Chelsea Piers Management, Inc. v. Chapin

Order and judgment (one paper), Supreme Court, New York County (Ronald A. Zweibel, J.), entered March 12, 2003, which, in a proceeding to annul a determination of respondent City Department of Environmental Protection (DEP), affirmed by respondent City Water Board, rescinding a credit of $218,525.63 issued by DEP for sewer rents paid by petitioner, granted petitioner’s application and remanded the matter for further proceedings in accordance with the court’s decision, unanimously modified, on the law, to vacate the remand and direct reinstatement of the credit, with interest, and otherwise affirmed, without costs.

Upon petitioner’s taking possession of the subject property under a long-term lease with a state agency, DEP advised petitioner that the property was connected to “the sewer system,” although it could not confirm that the connection was in compliance with applicable rules and regulations. Some four years later, after petitioner had paid sewer rents totaling $218,525.63, DEP ascertained that wastewater from the property was not being emptied into the City’s sewers.
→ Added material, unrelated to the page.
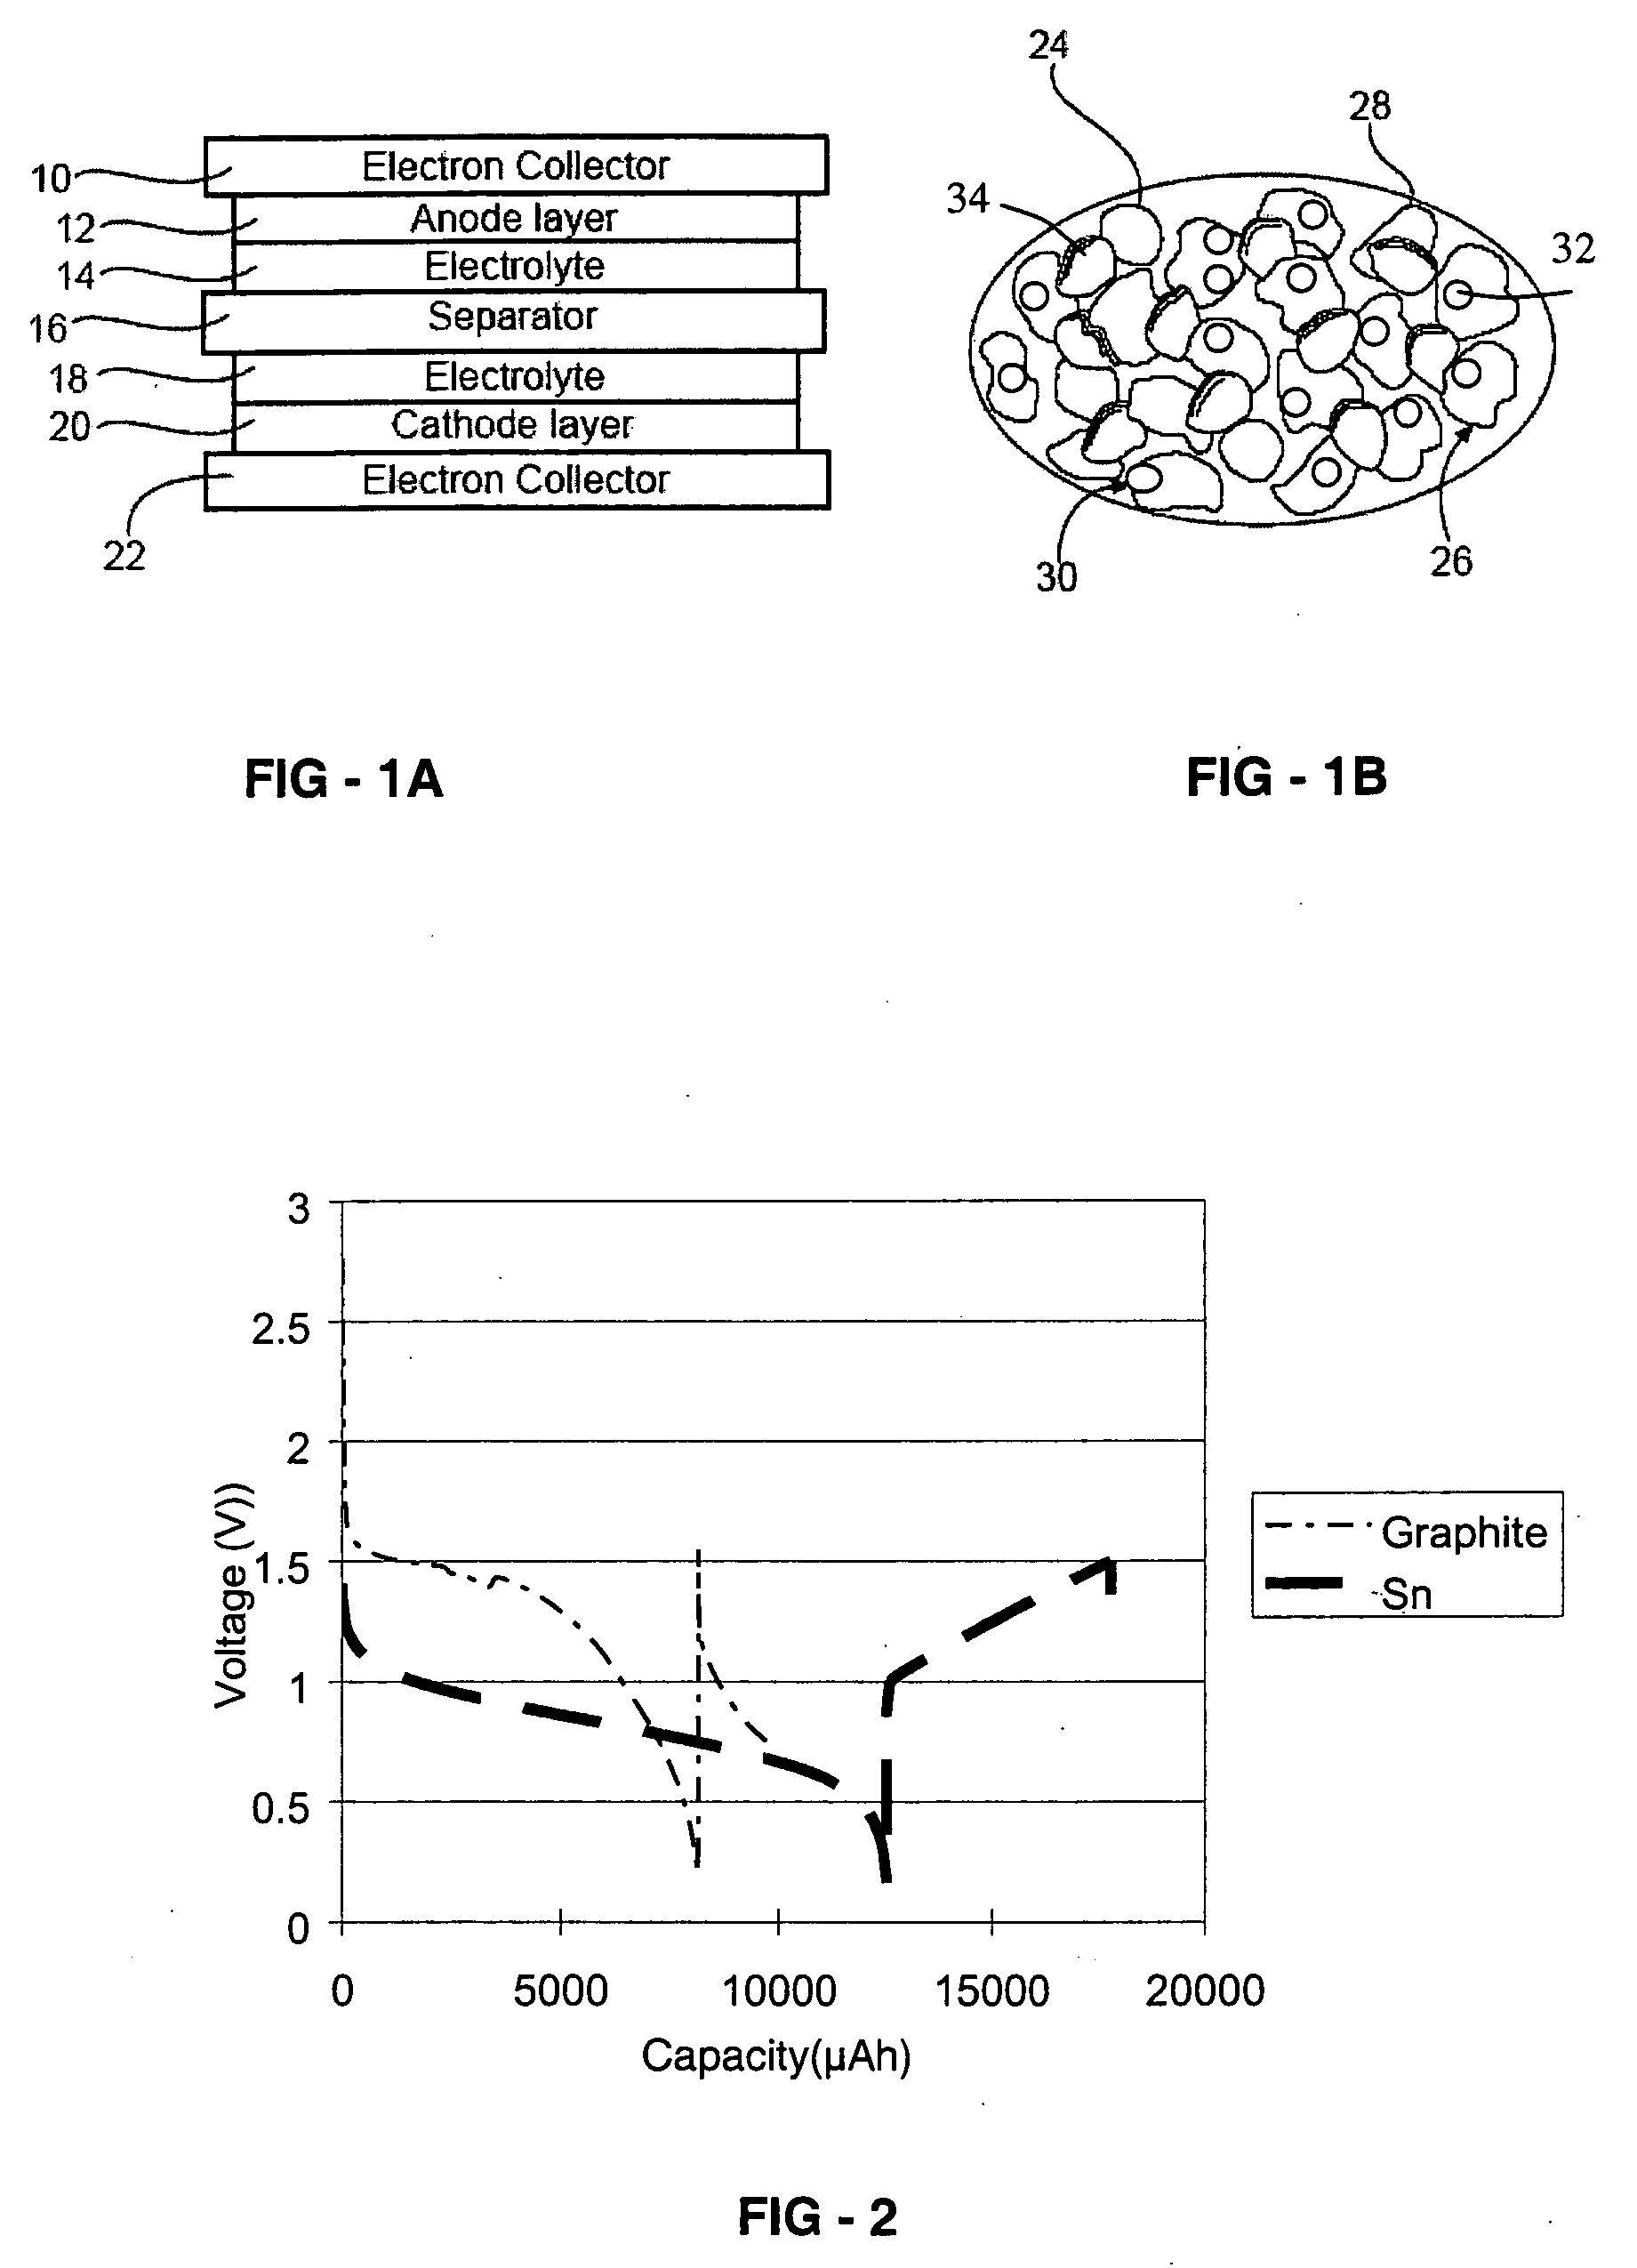 Battery with tin-based negative electrode materials

There appears to be no dispute that this circumstance was not known by petitioner, and due entirely to DEP’s error many years before in connecting the property’s wastewater lines not to the City’s wastewater sewers but to its storm sewers.

At first, DEP credited petitioner with the sewer rents it had paid on the ground that petitioner did not have to pay for a service it did not receive. Then, DEP revoked the credit on the ground that petitioner was required to pay all “wastewater charges” regardless of whether it was connected to the “wastewater system,” citing the Water Board’s Water and Wastewater Rate Schedule (15 RCNY, Appendix A, part III [1] [A] [owner of property connected or required to be connected to the wastewater system, and any person benefitting from the use of services furnished or made available by the wastewater system, shall pay wastewater charges for the use of services furnished or made available by the wastewater system; if not connected but required to be connected, charges to be assessed retroactively to the date property was required to be connected]; *391but see General Municipal Law § 451 [1] [defining “sewer rents” as charges imposed “for the use of a sewer system”]; Administrative Code of City of NY § 24-514 [b] [1] [imposing a “sewer rent or charge” on owners of real property connected to “sewer system”]; 29 Ops St Comp No. 1190 [1973] [well settled that sewer rents must be based on actual use of sewer system “and therefore may be charged only against properties connected to the sewer system”]). Then, on an administrative appeal, the Water Board suggested that the charges were reimposed so as not to “reward” an “illegal disconnection from the sewer system.” Directed to explain themselves on remand from a CPLR article 78 proceeding, respondents stated that since the intent of the above regulation is, inter alia, “to remove any financial incentive to disconnect from the sewer system . . . the charges are imposed even where an owner claims to have no knowledge of an illegal disconnection or where there is no evidence that could establish that an owner affirmatively disconnected itself from the wastewater system.” In the second article 78 proceeding that followed, respondents argued, for the first time, that the credit was revoked because petitioner had used sewer services by discharging waste into a storm drain (but see 28 Ops St Comp No. 318 [1972] [terms “sewer system” and “sewage” as used in General Municipal Law article 14-F “are limited only to sanitary sewer facilities and would not encompass a separate storm sewer system”]).

Thus, at the administrative level, respondents took the position that petitioner was required to pay sewer rents because although not connected to the sewer system, it was, by virtue of Water Board regulation, required to be connected; in the instant article 78 proceeding, respondents argue that the storm drain to which the property was erroneously connected in the 1960s is part of the sewer system and that petitioner therefore received the wastewater services for which it had been charged. While the State Comptroller would disagree with respondents’ argument that storm drains are part of the sewer system, we annul because, first, such argument was not made in any of respondents’ administrative decisions (see Matter of Consolidated Edison Co. v Public Serv. Commn., 63 NY2d 424, 441 [1984], appeal dismissed 470 US 1075 [1985]), and second, under General Municipal Law § 451 (1) and Administrative Code § 24-514 (b) (1), sewer rents must be based on actual use and charged only to owners.

Since reinstatement of the credit does not require discretionary administrative action, we modify to vacate the remand and direct reinstatement of the credit. Concur—Mazzarelli, J.P., Saxe, Sullivan, Lerner and Gonzalez, JJ.